Segretaria metropolitana
Partito Democratico di Milano

Regione Lombardia: "Per Fontana unica strada possibile sono le dimissioni"

MILANO - "Contraddizioni, inesattezze e bugie. Davvero troppe e dal peso tutto politico. Ed è su questo piano che ci interessa stare, in ballo c'è la credibilità del Presidente di una Regione, messa in ginocchio da un'emergenza sanitaria senza eguali. Una regione gestita in maniera fallimentare, guidata da un gruppo politico che ora si trova a fare i conti con un groviglio di bugie e affari di famiglia davvero difficile da sbrogliare. Fontana ha mentito ai lombardi, prima dicendo di non essere al corrente della faccenda dei camici e poi difendendo l'operazione come una donazione.
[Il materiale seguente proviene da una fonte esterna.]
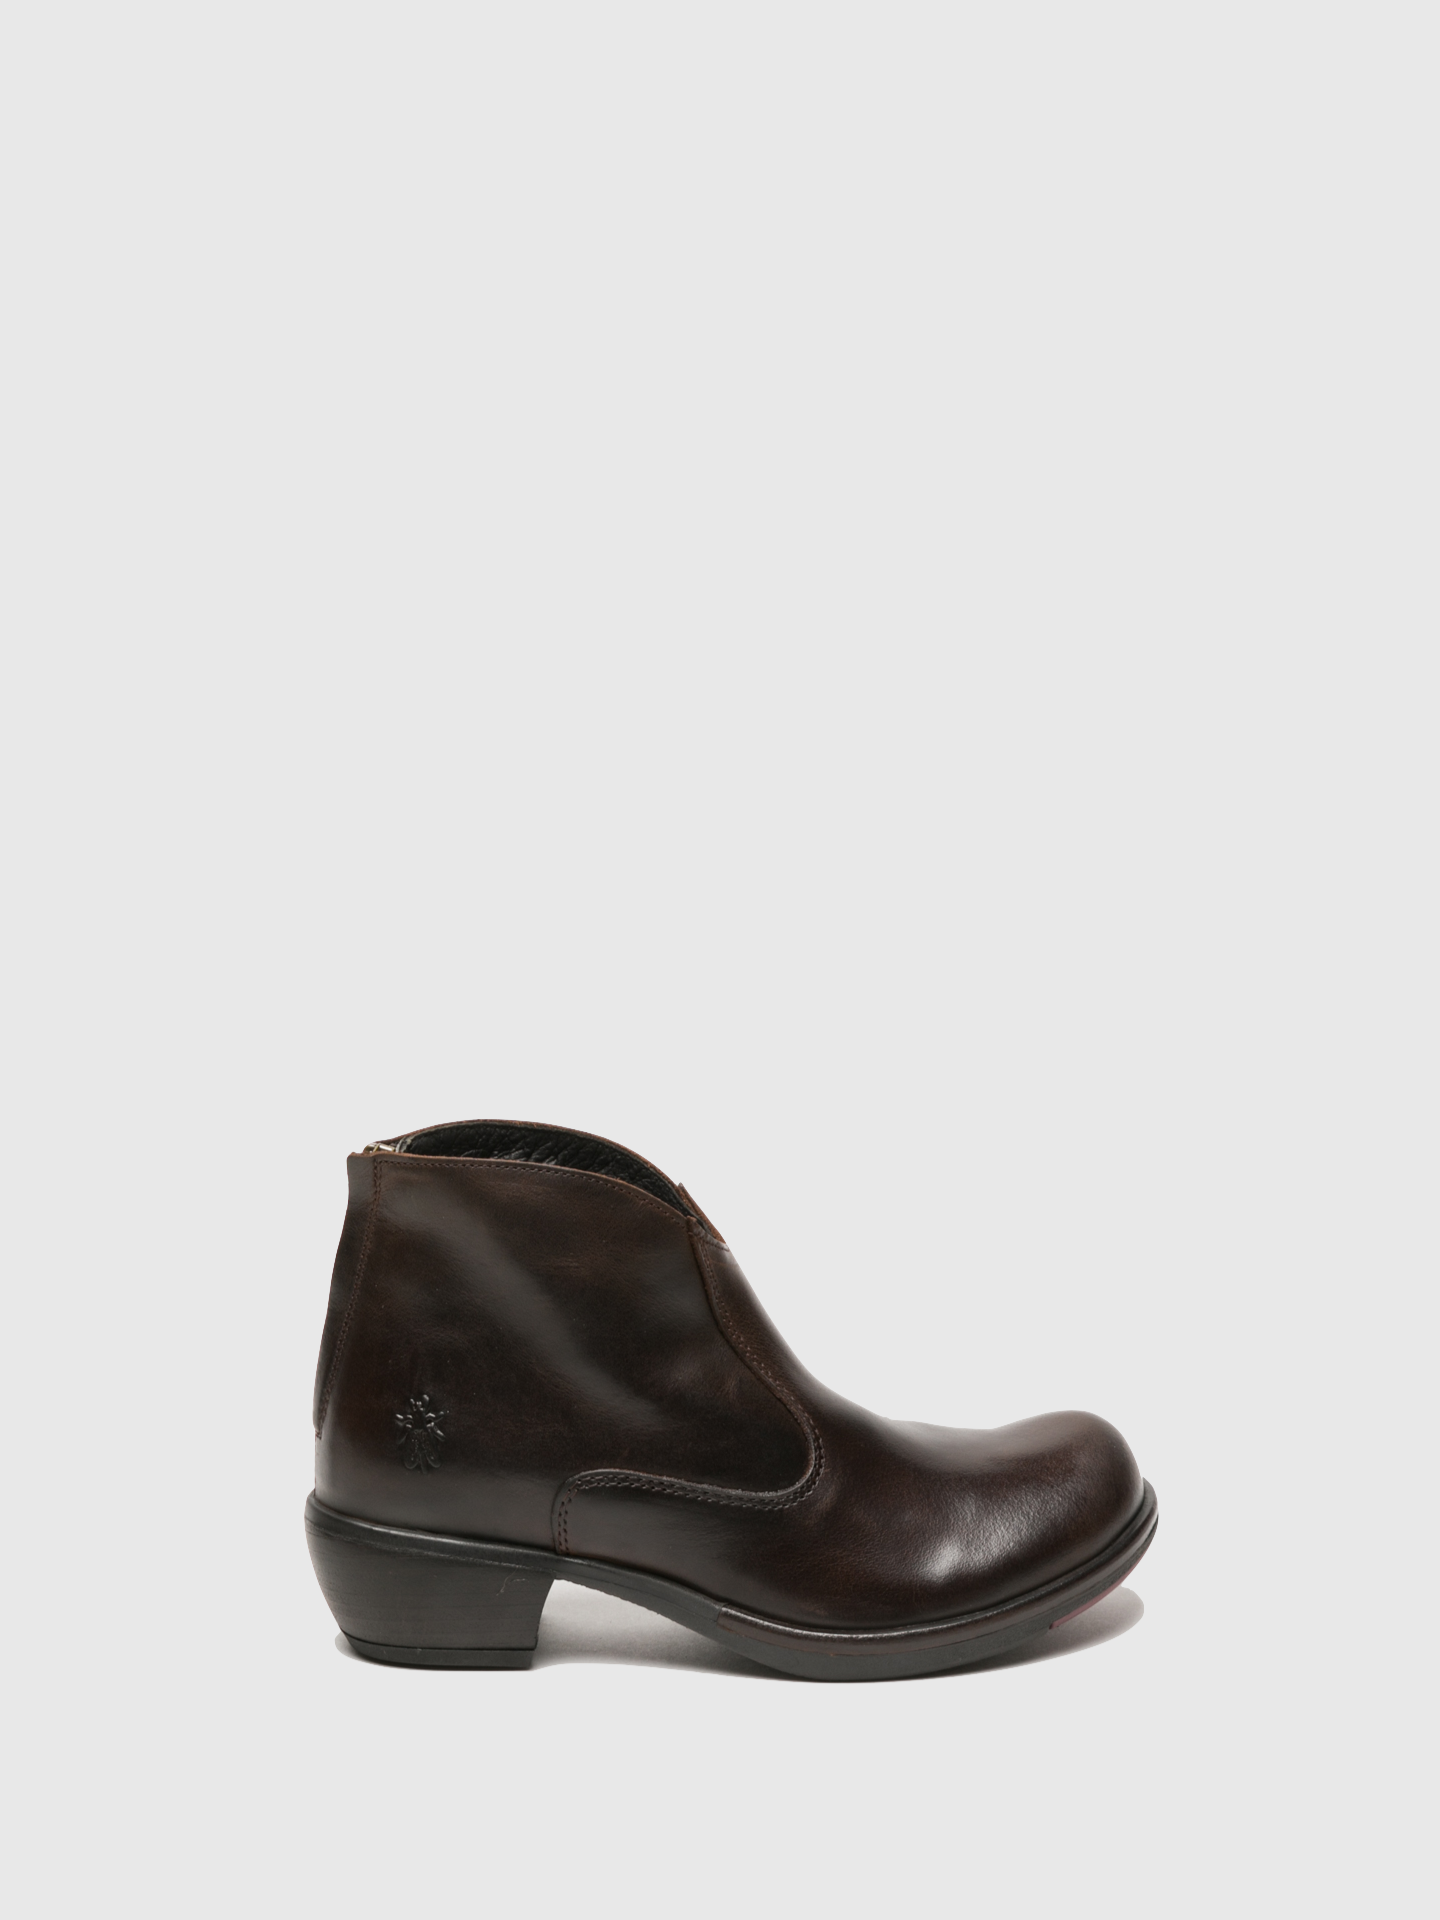 Fly London SaddleBrown Zip Up Ankle Boots

Tutte informazioni fino ad oggi smentite. Ma ha mentito anche sul suo conto in Svizzera, dichiarando che non fosse operativo. Non ci sono più le condizioni per restare: il governatore ora ha tradito la fiducia dei suoi cittadini, dopo aver mal gestito la crisi. Per noi Fontana può solo scegliere le dimissioni: un atto di responsabilità e di rispetto nei confronti della Lombardia".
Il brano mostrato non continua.